- [WHAT TO DO]: Return exactly those lines of the material below that fall between the line holding "Various Artists - Numerous" and the line holding "4 pcs Outdoor", inclusive.

- [MATERIAL TO PROCESS]:
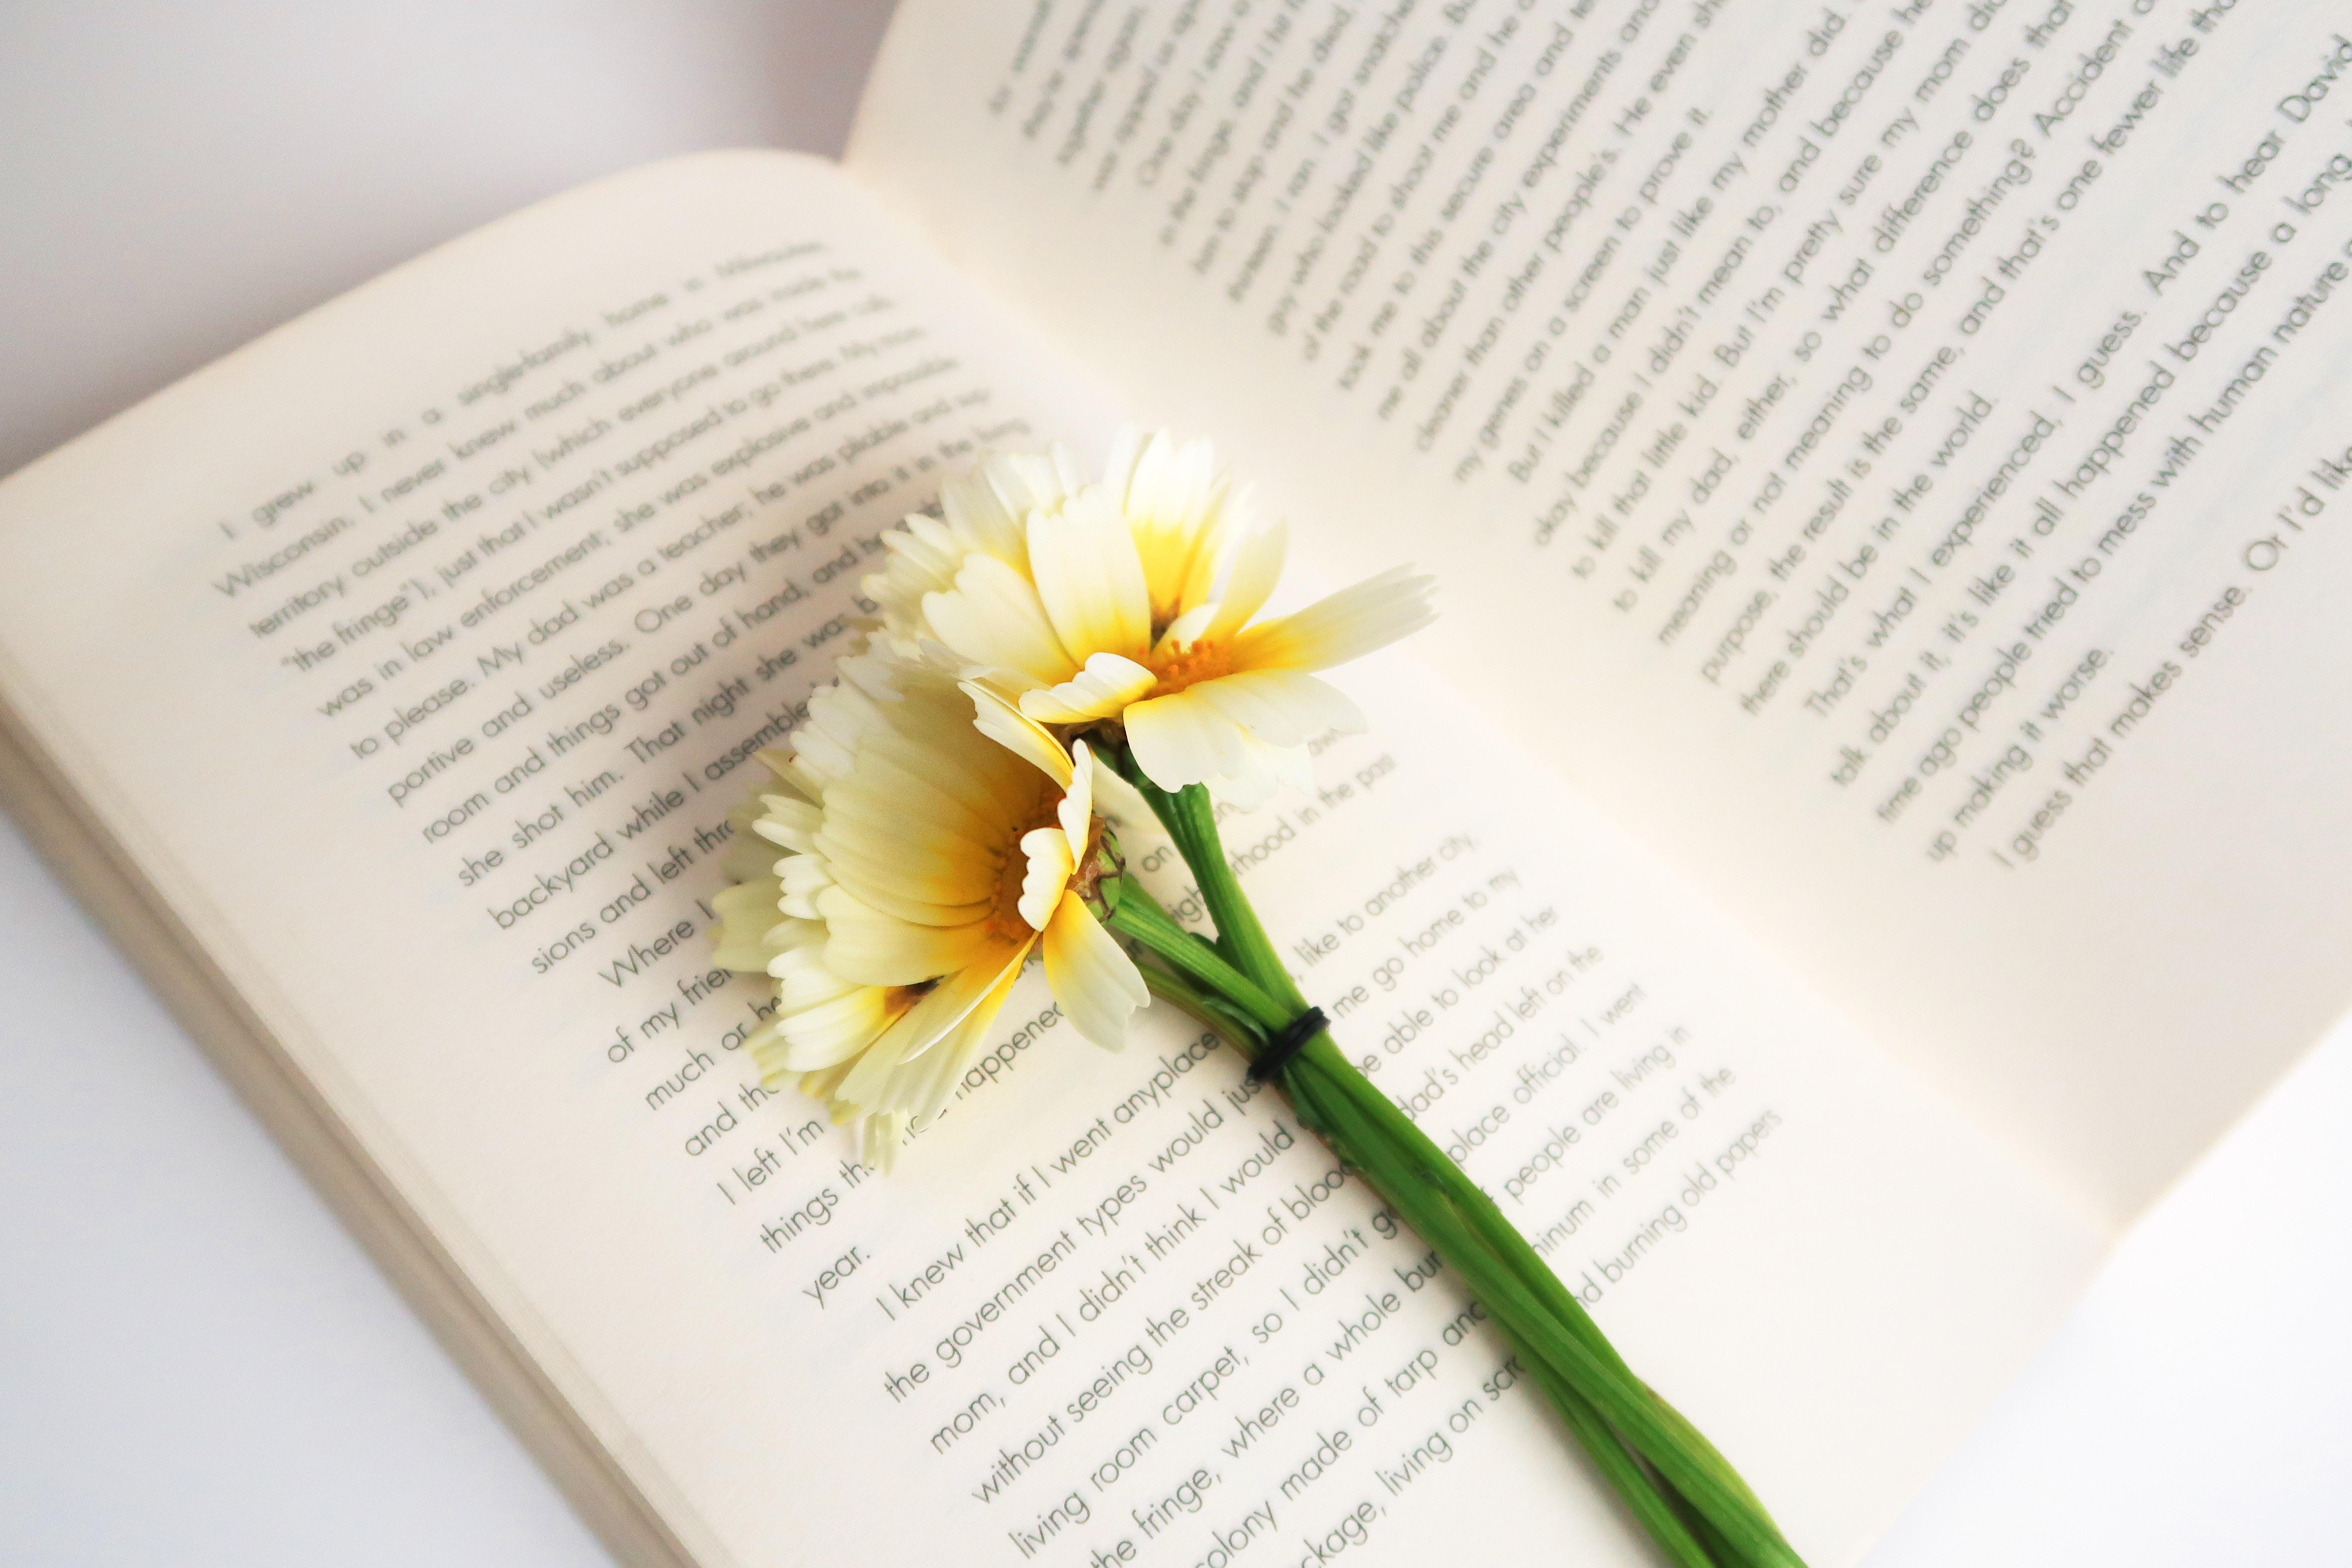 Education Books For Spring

--

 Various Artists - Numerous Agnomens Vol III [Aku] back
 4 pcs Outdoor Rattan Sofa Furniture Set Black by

- [RESPONSE AREA]:
 Various Artists - Numerous Agnomens Vol III [Aku] back
 4 pcs Outdoor Rattan Sofa Furniture Set Black by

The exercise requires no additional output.